# Need Ideas for earth contact home re-use



## Awnry Abe (Mar 21, 2012)

We purchased land in '10 and finished building a home last fall. The site has an existing earth contact home about 100-200 feet from the new house. The kitchen is shot as well as one of the two bathrooms. The other bathroom is in fine shape. It has a nice metal roof.
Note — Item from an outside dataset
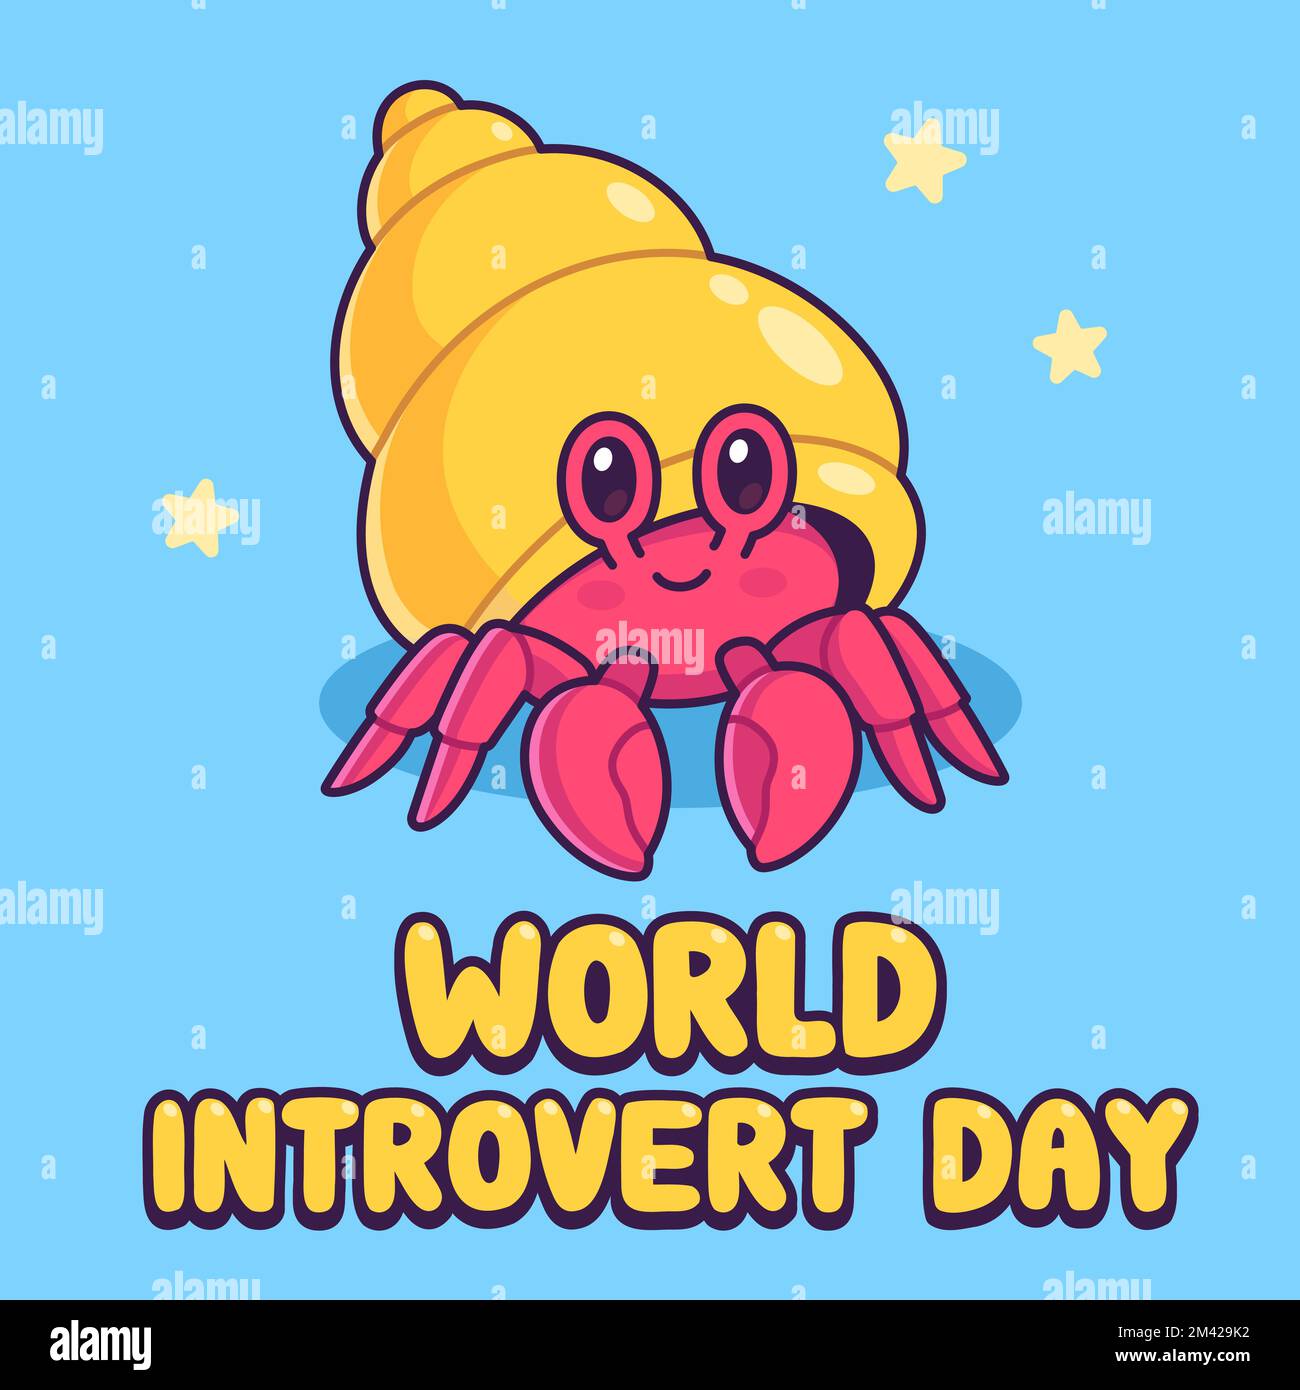 World introvert Day mignon dessin de crabe ermit. Illustration vectorielle. Illustration de Vecteur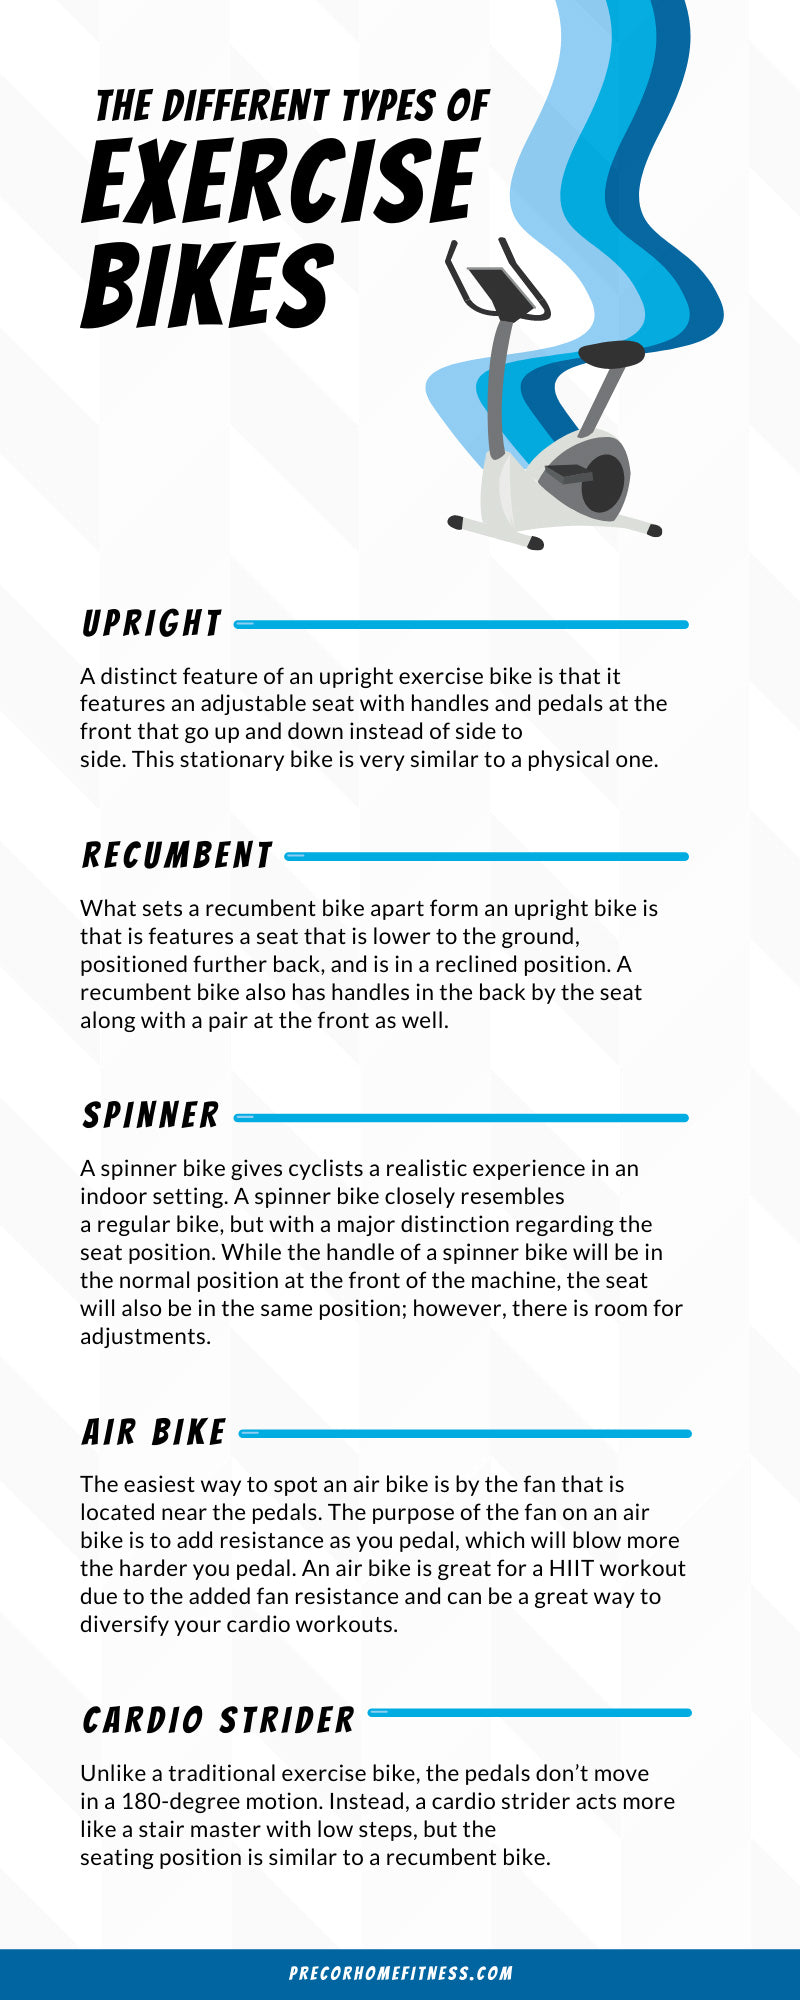 Types of Exercise Bikes

All in all, it would make good living conditions, but I really didn't move all the way out here to have a neighbor so close. 

Thoughts that have crossed my mind:

1) Raise the roof about 3 feet off the foundation or high enough to install garage doors and make it a garage/man-cave.

2) Remodel the kitchen for the ever-tightening whims of the local food cops and make sell-able food.

3) Pop the lid entirely and put a barn overhead, making myself a barn with a nice basement.

4) Install so many skylights that it destroys the cooling effect in the summer, but increases light for winter seed starting and greenhouse effect. (we had good success with seed starting by the windows, and barely ran the heat, but it was a super mild winter).

5) Let the chickens have it.

All 5 of those ideas fit within the scope of our tiny operation. What can you think of?

Thanks,
Chris


----------



## tarbe (Apr 7, 2007)

Well, I know I don't have a vote, but I like option 1!

A good man-cave is hard to find.


----------



## unioncreek (Jun 18, 2002)

I would just salvage it and keep the good wood and roofing.


----------



## dirtman (Sep 15, 2011)

Storage/root cellar.


----------



## cfabe (Feb 27, 2005)

I'd go with option 1, seems to get you the most bang for your buck. Wood and plywood/siding to build 3' of wall would not be very expensive.


----------



## mplatt4 (Mar 24, 2007)

another option would be to use one end as a garage and the other as a dairy for a family cow and or goats it would be pretty comfortable to milk in in the winter and cooler in the summer that most barns also you could put chickens on one end and a garage in the midle and dairy on the other end the possiblilities are endless


----------



## texican (Oct 4, 2003)

Could you elaborate on what an 'earth contact home' is? Is it a home on a concrete slab? or a wooden home that's fell onto the ground? or an old fashioned dugout?

If it's weatherproof, I'd keep it as is.... one can never have too much storage.

Remodeling, imho isn't worth it... usually costs more, in the long run, than new construction.

Or keep it as is, it might come in handy for keeping relatives and friends from overstaying their welcome!


----------